Organisches Wachstum wird in den kommenden Jahren wieder im Fokus des Managements stehen, wie gestern angekündigt wurde. Zu den Prioritäten werden dabei die Erschließung der dynamischen Wachstumsmärkte insbesondere in Asien, sowie die Nutzung der Potenziale, die sich aus der Regulierung u.a. des außerbörslichen Derivatemarkts ergeben, zählen. Letzterer soll zentrale Clearing-Stellen, also z.B. Eurex Clearing, nutzen und möglichst auch auf börsliche Handelsplattformen gebracht werden. Ohne Perspektive ist die Deutsche Börse nach dem Scheitern der Fusion also keineswegs. Sie bleibt das wirtschaftlich stärkste und am besten aufgestellte Börsenbetreiberunternehmen weltweit. Mit der Terminbörse Eurex und dem Abwickler und Verwahrer Clearstream verfügt sie über zwei globale Standbeine, und sie hat gute Aussichten, die von den Schwellenländern und der Regulierung ausgehenden Potenziale auszuschöpfen. Nyse Euronext, deren Geschäft nicht so gut diversifiziert ist, hat wesentlich bessere Gründe, der geplatzten Fusion nachzutrauern. Einen Erfolg hat Francioni im Zuge des Fusionsprojekts im Übrigen erzielt: den Erwerb der Eurex-Anteile des Schweizer Börsenbetreibers SIX Group.
Große Herausforderungen
Allerdings steht auch das Management der Deutschen Börse vor großen Herausforderungen. Wie die anderen etablierten Marktbetreiber muss sie den Übergang vom Monopol- zum Wettbewerbszeitalter bewältigen, was im übrigen eines der wichtigsten Motive der geplanten Börsenfusion war. Welche Folgen der Wettbewerb für die etablierten Börsen hat, zeigt der Erfolg der alternativen Aktienhandelsplattformen wie der kürzlich zusammengeschlossenen Chi-X und Bats Trading: sinkende Marktanteile sowie infolge der durch den Wettbewerb erzwungenen Preisnachlässe schrumpfende Margen.

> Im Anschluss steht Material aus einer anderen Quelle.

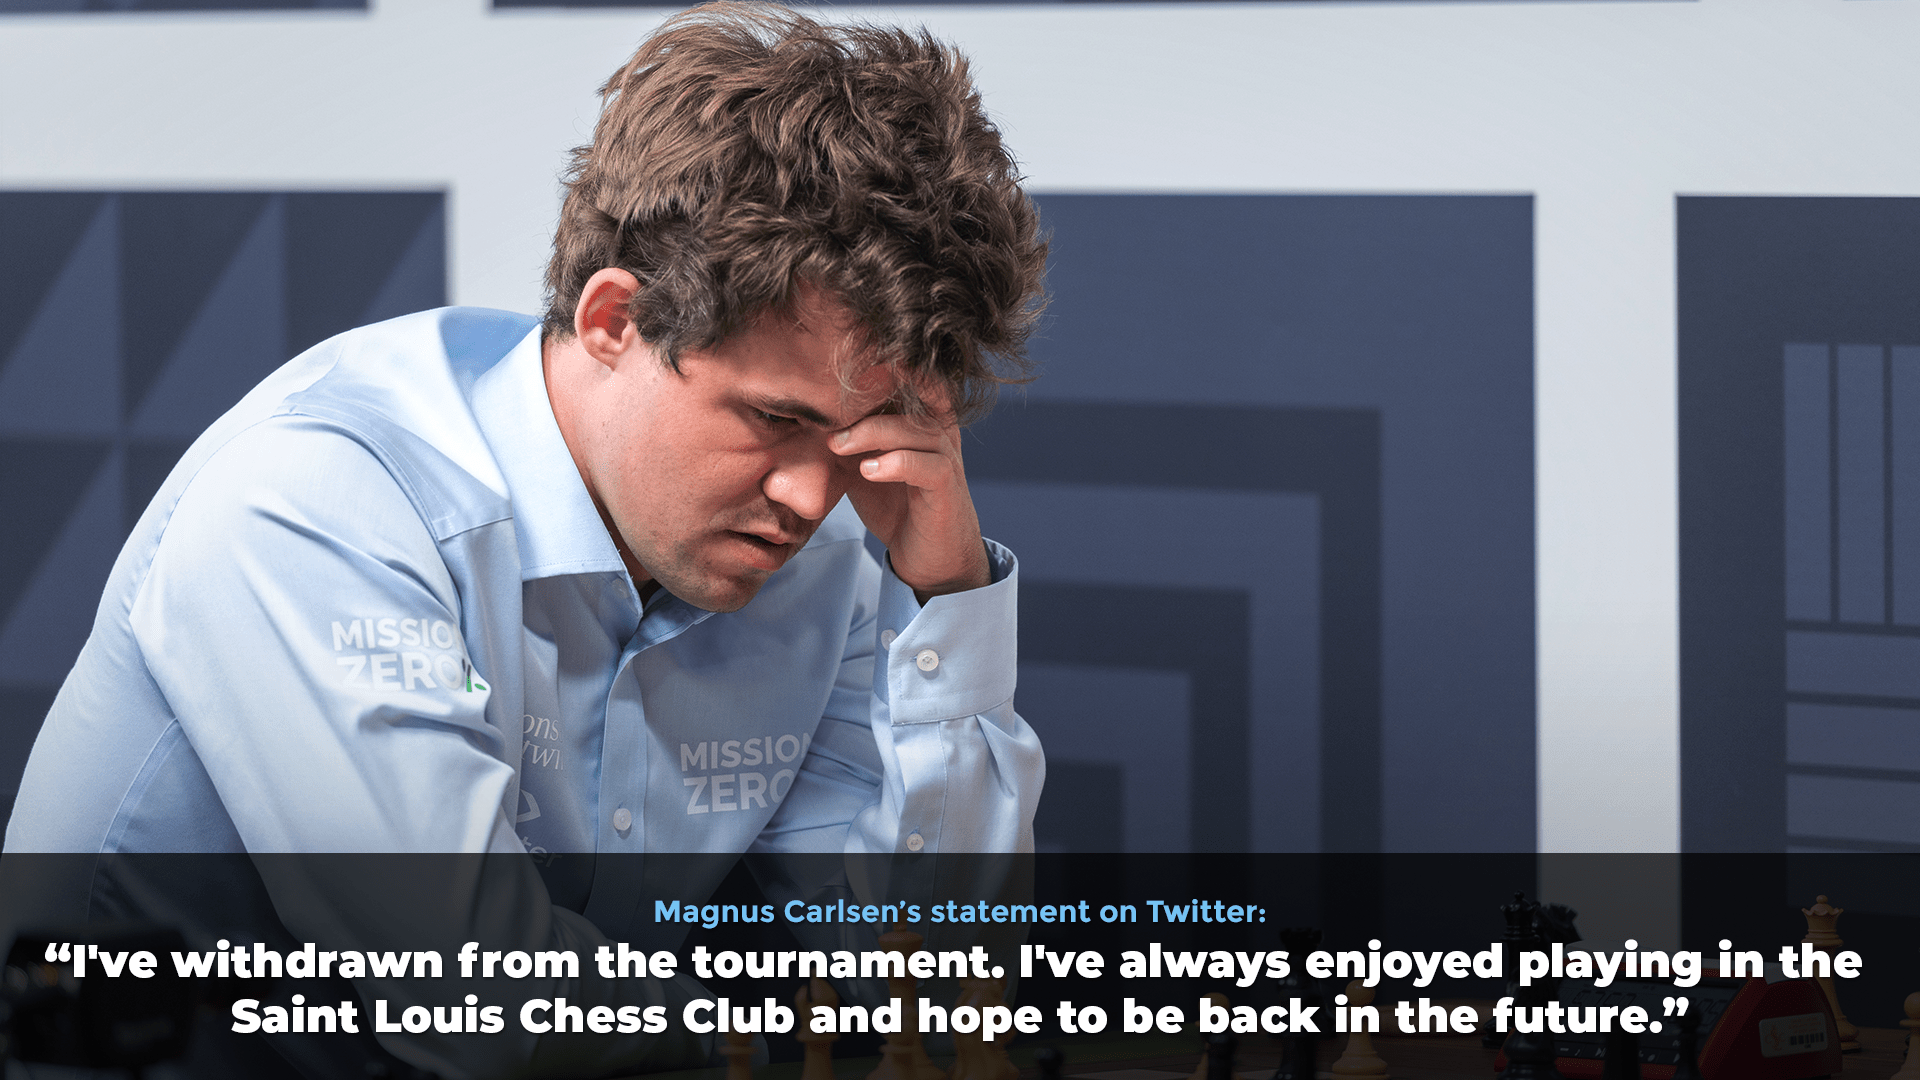 Magnus Carlsen Withdraws From Sinquefield Cup
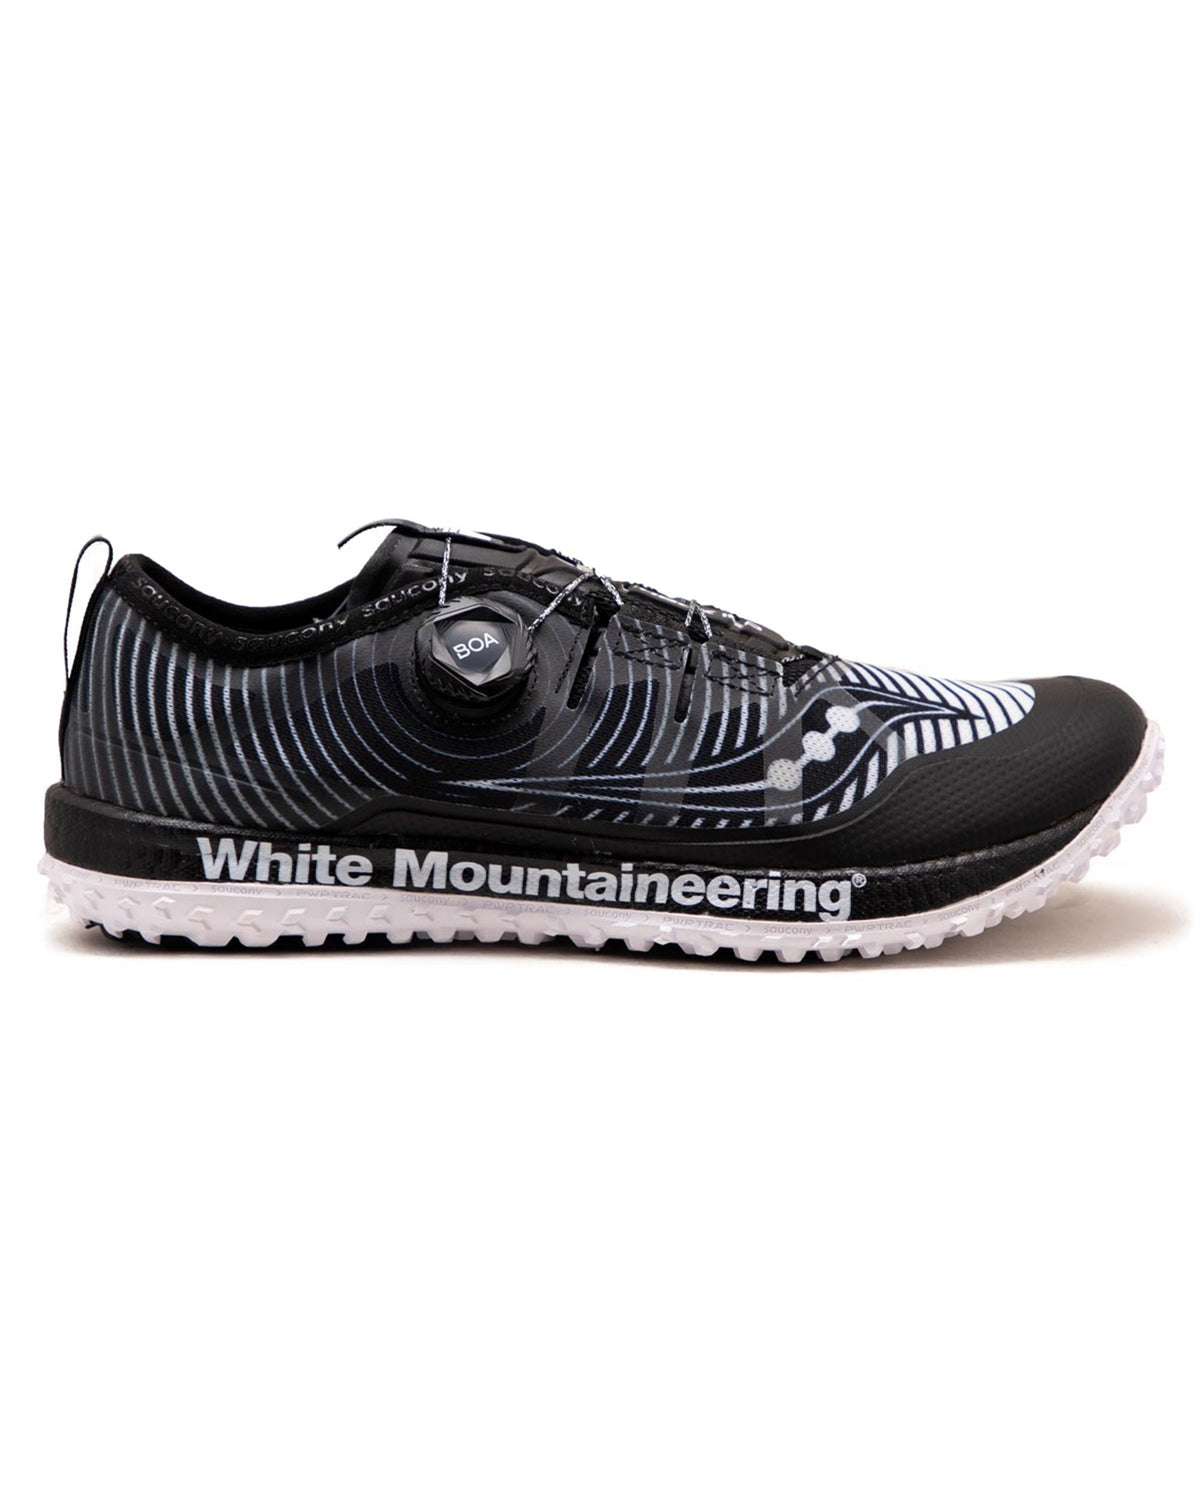 White Mountainering X Saucony Switchback Black S20482-50

Für die Deutsche Börse ist das zwar weniger schlimm als beispielsweise für die immer noch weitestgehend vom Aktienhandel abhängige LSE. Kritisch würde die Lage jedoch auch für den Frankfurter Marktbetreiber, wenn er eines Tages auch im Derivatehandel einem Wettbewerb wie im Aktiengeschäft ausgesetzt werden sollte. Das würde zwar nicht den Bestand des Unternehmens gefährden - bei Margen von 40% und mehr besteht ein erhebliches Polster. Das Management würde aber bei abbröckelnder Profitabilität unter heftigen Druck seitens seiner Anteilseigner geraten.
Nachdem der Traum von der großen Fusion ausgeträumt ist, wird es nun umso mehr darauf ankommen, eine überzeugende Strategie für das neue Wettbewerbsumfeld zu entwickeln, und die Ressourcen wieder auf das organische Wachstum zu konzentrieren. Vor diesem Hintergrund wird es sehr interessant sein zu verfolgen, mit welchem Engagement sich die Führungsriege der Deutschen Börse nach dem Scheitern des Zusammenschlusses mit der Nyse Euronext dieser Aufgabe widmen wird. Möglicherweise bahnt sich hier in absehbarer Zeit eine weitere Zäsur an. Ab Dezember beginnen die Gespräche über eine weitere Amtszeit Francionis, dessen Vertrag bis Ende 2013 läuft. Der Finanzplatz wird sich bald mit der Frage beschäftigen, ob der 56-jährige Schweizer eine weitere fünfjährige Amtsperiode anstreben wird.